# Online marketing



## bonèr clothing (May 27, 2008)

I have recently started up a website, and would love some tips on online marketing. 

What is the best strategy for getting our brand out there?


----------



## SeasonEnds (Sep 9, 2007)

What have you tried? Word of mouth is always good. I'm all about inexpensive marketing! You have indie clothing, why not support indie bands? Throw local concerts presented by your clothing company. It all depends on your market. What kind of people are in your market?


----------



## TRENZZA (Nov 5, 2007)

Have you tried direct e-mail marketing. If you know who your target market is, you can contact Naz Creative. They do all of our online marketing. They sell and rent opt-in emails. They have access to over 40 million emails. VERY powerful target marketing.


----------



## baumwolle (Mar 4, 2006)

as stated above: figure out who your market is. and be willing to expand idea that when you find out that people you had no idea about are into your stuff!

lots of gems here to read in the "t-shirt marketing" folder.

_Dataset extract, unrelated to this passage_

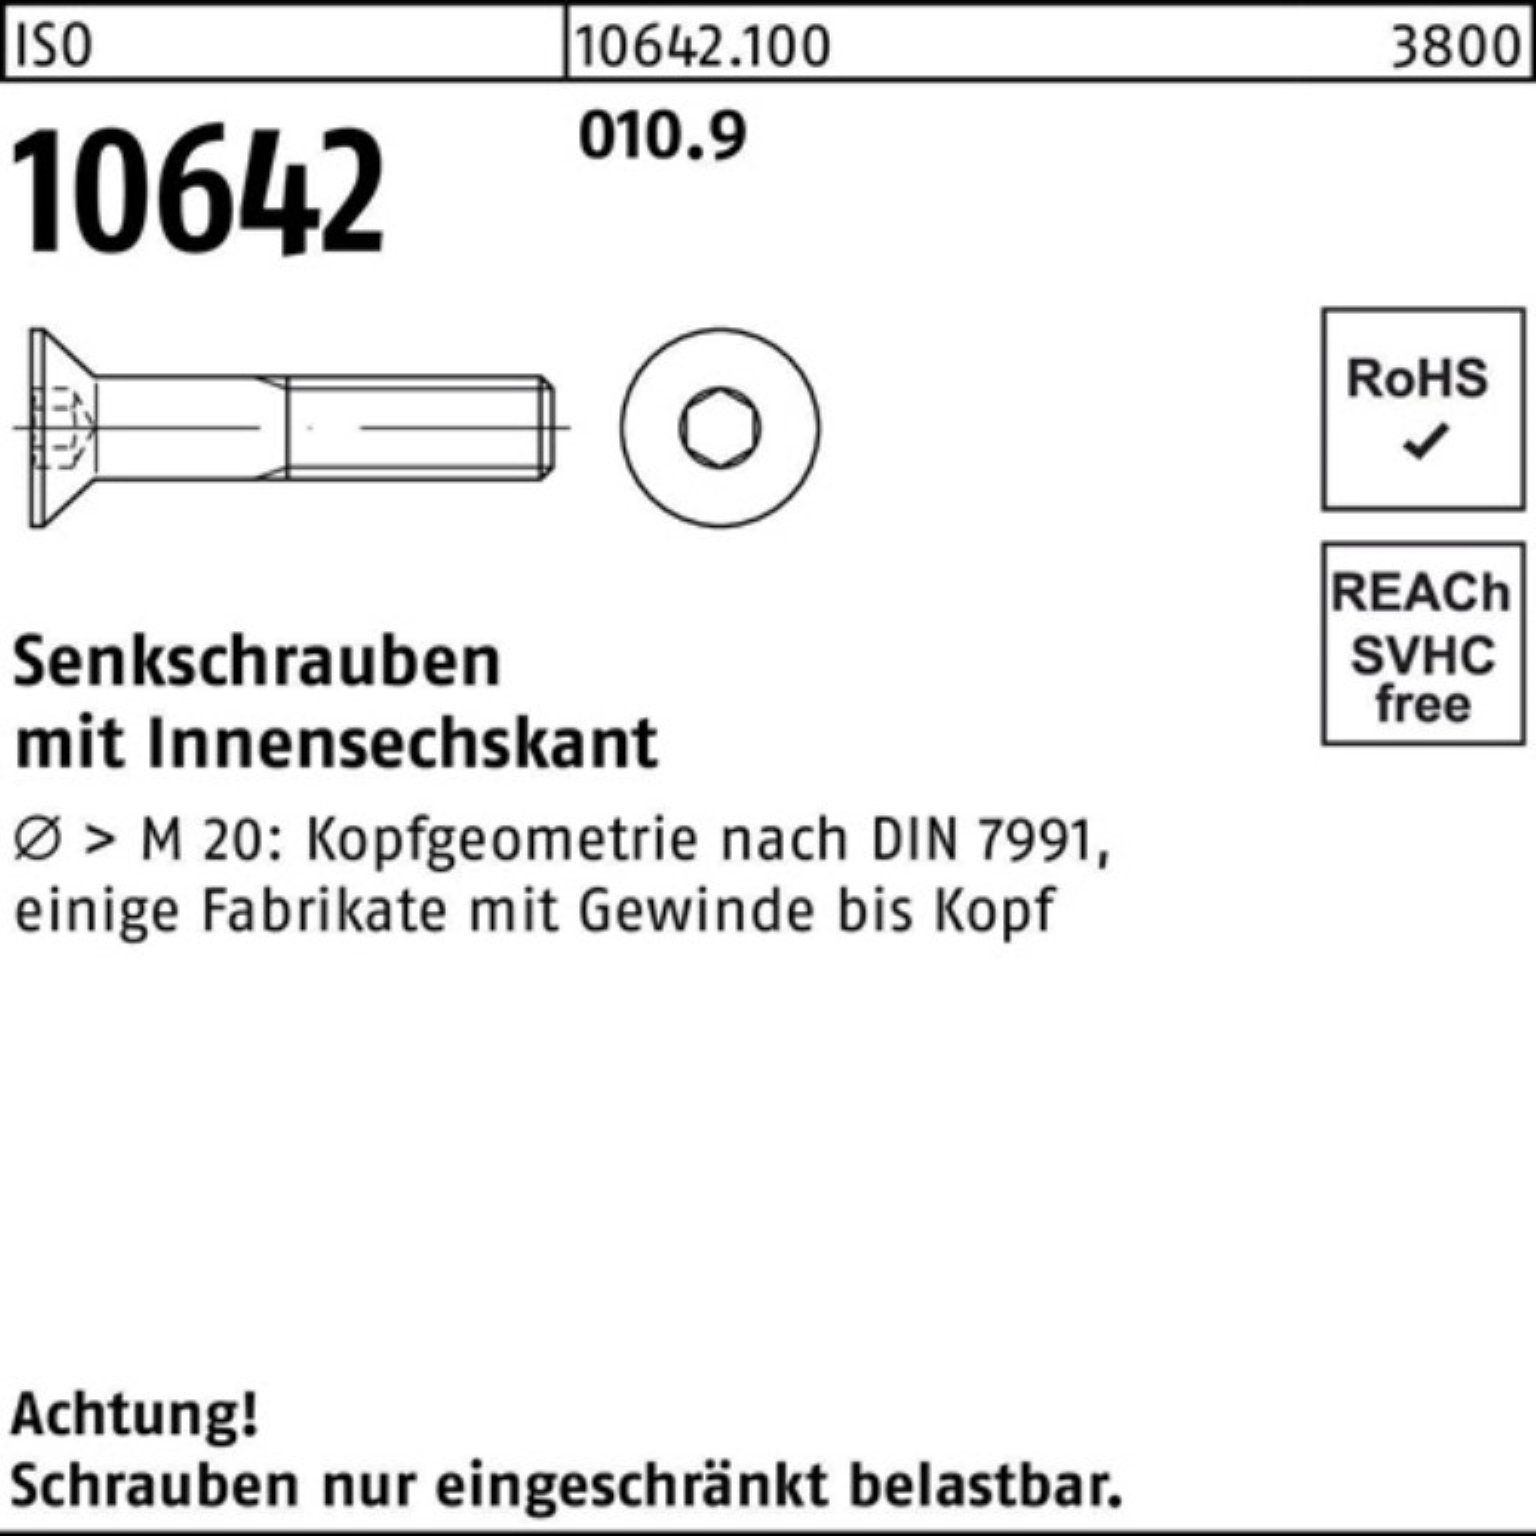 IS Innen-6kt M3x Reyher 010.9 10642 500 ISO 500er Stück Pack 16 Senkschraube Senkschraube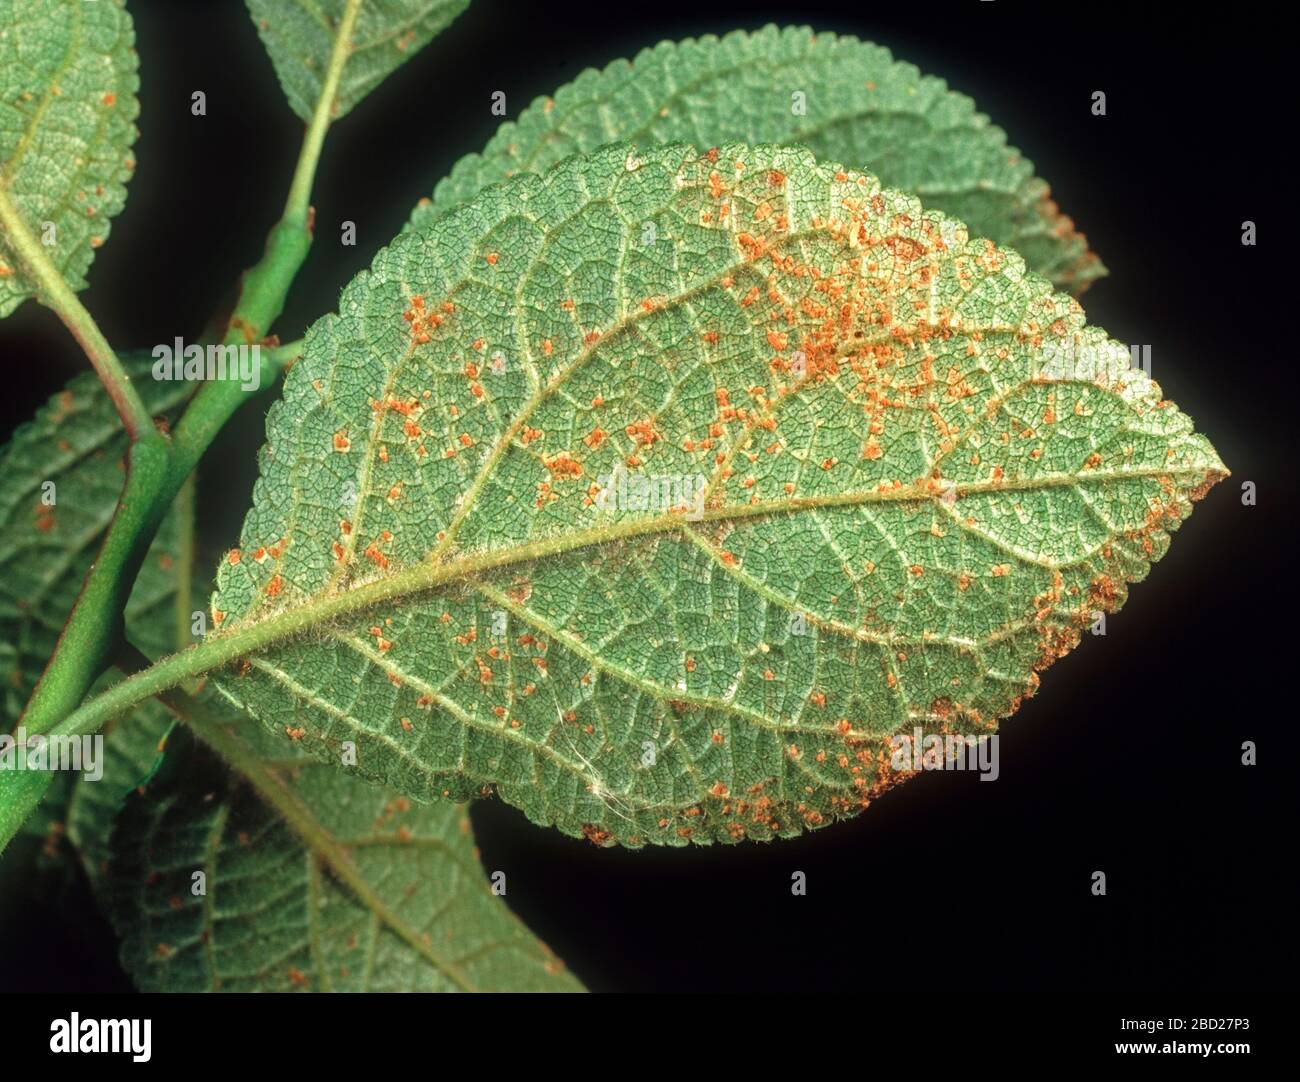 Plum rust (Tranzschelia discolor) fungal disease pustules on the underside of a plum (Prunus domestica) leaf Stock Photo

i'm all for cheap too. all along, i underestimated myspace but recently have been doing a bit more there and have gotten more mailing list submissions and a few sales. (other posts here warn of the fair-weather nature of myspace for marketers and how they can pull the plug, so be warned.)


----------



## ReThink Clothing (Jan 15, 2008)

Besides what the other people said, before getting your brand out there have a "brand". A brand is more than a name, you gotta develop the core ideals, direction and the such.


----------



## sonambulo (Sep 22, 2007)

also remember that because you're selling limited tees you arent goin to market your stuff like most others. you wanna market to that particular crowd that will be come devotees so to speak. not just someone that wants a one time tee. so i dont think myspace and facebook is your best bet, especially cause you only make 10 of each. 
you want it to know primarily by those that are the elite of your group and those outside of this will find out about it because they wanna do what the elite are doing. ex louis vuiton (though thats a totally diff market the principal applies).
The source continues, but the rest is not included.